Exploring the Role of Cloud Giants Like Amazon and Microsoft in Concealing Infrastructure Through FUNNULL Admin Accounts

Recent research by Silent Push Threat Analysts, in partnership with Brian Krebs, has brought a sharp focus to the sprawling criminal infrastructure of the so-called Triad Nexus, which is operated through the FUNNULL Content Delivery Network (CDN).

This network, run by its administrator Lizhi Liu (also known as “Steve/Steven” Liu), is accused of facilitating hundreds of cyber-fraud and crypto-investment scam sites, resulting in over $200 million in losses to American victims.

However, crucially, FUNNULL’s persistence is enabled by the strategic abuse of Western cloud behemoths, such as Amazon Web Services and Microsoft Azure a practice known as “Infrastructure Laundering.”

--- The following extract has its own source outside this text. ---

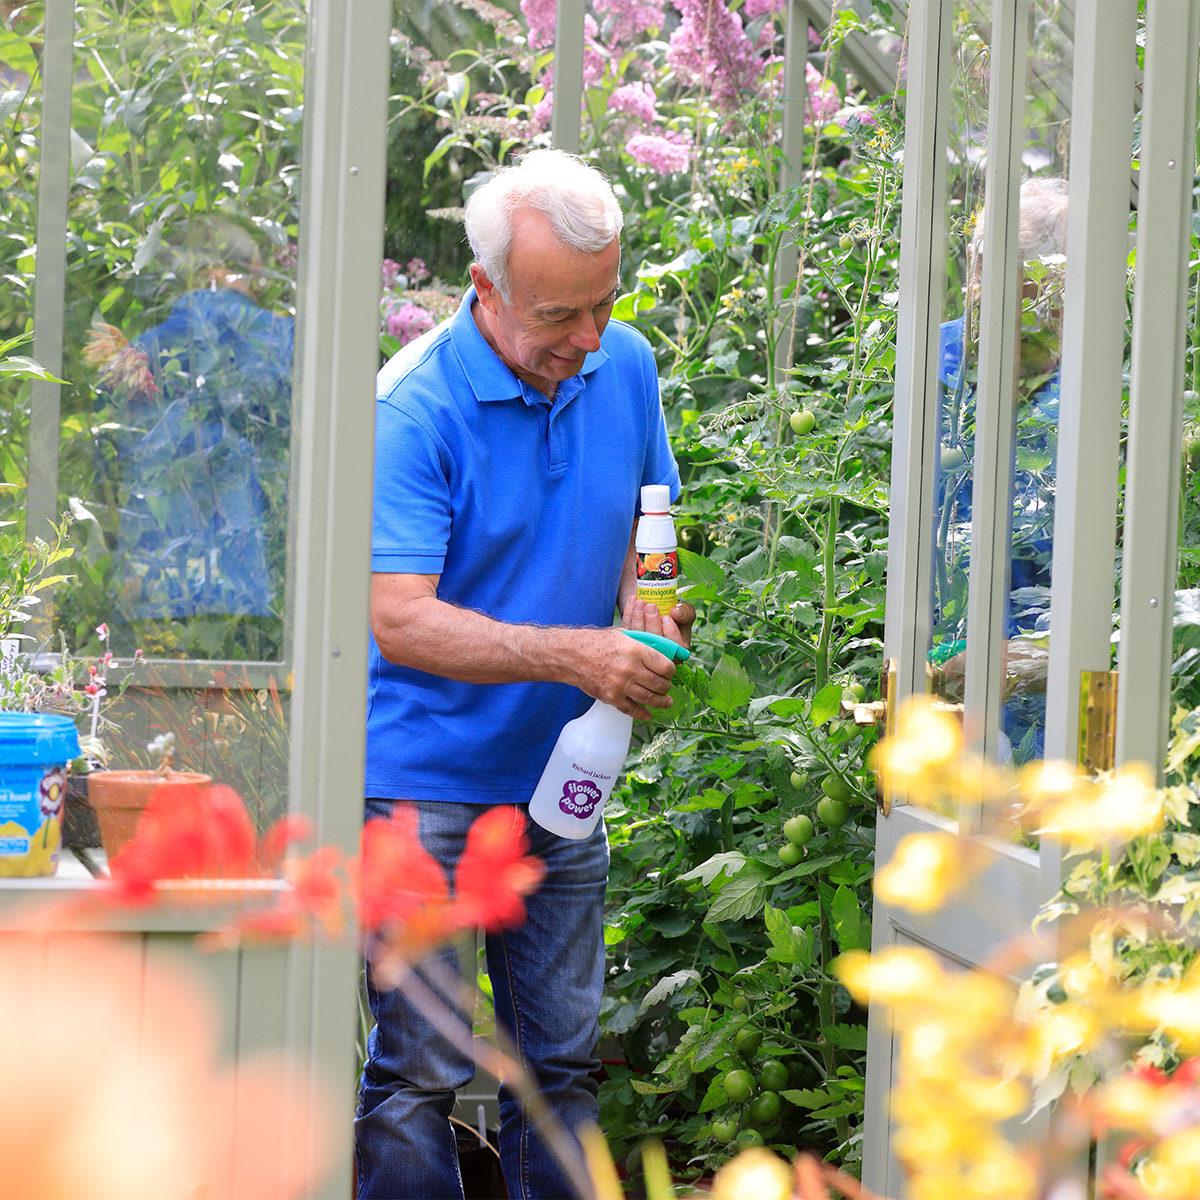 Richard spraying tomato plants with plant invigorator

Infrastructure Laundering: The Role of Amazon and Microsoft

At the heart of the Triad Nexus operation is the cunning use of “Infrastructure Laundering.” This tactic involves using stolen identities, fake businesses, or compromised payment methods to rapidly create new cloud accounts on reputable providers, such as AWS and Azure. Once onboard, the threat actor deploys scam websites or malicious infrastructure behind legitimate cloud IP addresses, making detection and blocking exponentially harder for defenders.

• Quick Account Churn: As soon as fraudulent sites are detected and a cloud account is shut down, Liu’s network pivots to new cloud accounts—often with fresh identities—allowing them to “hop” across providers with minimal downtime.
• Legitimacy by Association: By embedding their infrastructure within the same IP spaces as well-known Western businesses, attackers exploit trust relationships. Security teams risk collateral damage if they block entire IP ranges, thereby giving scammers extra cover.
• Challenging Attribution: The interconnectedness of cloud platforms means that even sophisticated security operations may struggle to distinguish legitimate business traffic from criminal activity masked by FUNNULL’s tactics.

Cloud Providers’ Mixed Compliance Response

Despite the U.S. Treasury and FBI formally sanctioning FUNNULL and Liu in May 2025, enforcement across major cloud providers has been inconsistent.

Google appears to have taken proactive action, removing Liu’s YouTube channel and associated accounts. However, many accounts tied to Liu are still active on platforms provided by Microsoft, Amazon, Meta, and others, as detailed in Silent Push’s deep dive report.

• AWS and Azure: These remain popular with Triad Nexus for spinning up short-lived, disposable infrastructure supporting new scam campaigns.
• Microsoft (GitHub, LinkedIn): Public developer accounts and code repositories linked to Liu are still live as of July 2025, despite public advisories and clear evidence of involvement.
• Meta (Facebook): Liu has been observed updating Facebook groups and pages even after being sanctioned, underscoring the struggle to enforce bans on high-profile threat actors.
• Other services, including Medium, PayPal, WordPress, and HuggingFace, among others, have not yet universally responded to known Liu-linked accounts, putting enterprises at risk of non-compliance.

Why This Matters

The continued ability of sanctioned actors like Liu to leverage major cloud providers should serve as a wake-up call to the tech industry. Infrastructure Laundering not only fuels large-scale cybercrime but also complicates compliance with government sanctions.

Silent Push’s public report provides detailed indicators, usernames, emails, and domain names that organizations can use to proactively ban or monitor accounts tied to Liu and FUNNULL.

Until cloud providers adopt both automated and manual controls to detect and prevent Infrastructure Laundering, criminal networks like Triad Nexus will continue to weaponize the reputation and scale of Western tech giants against their own customers and national security interests.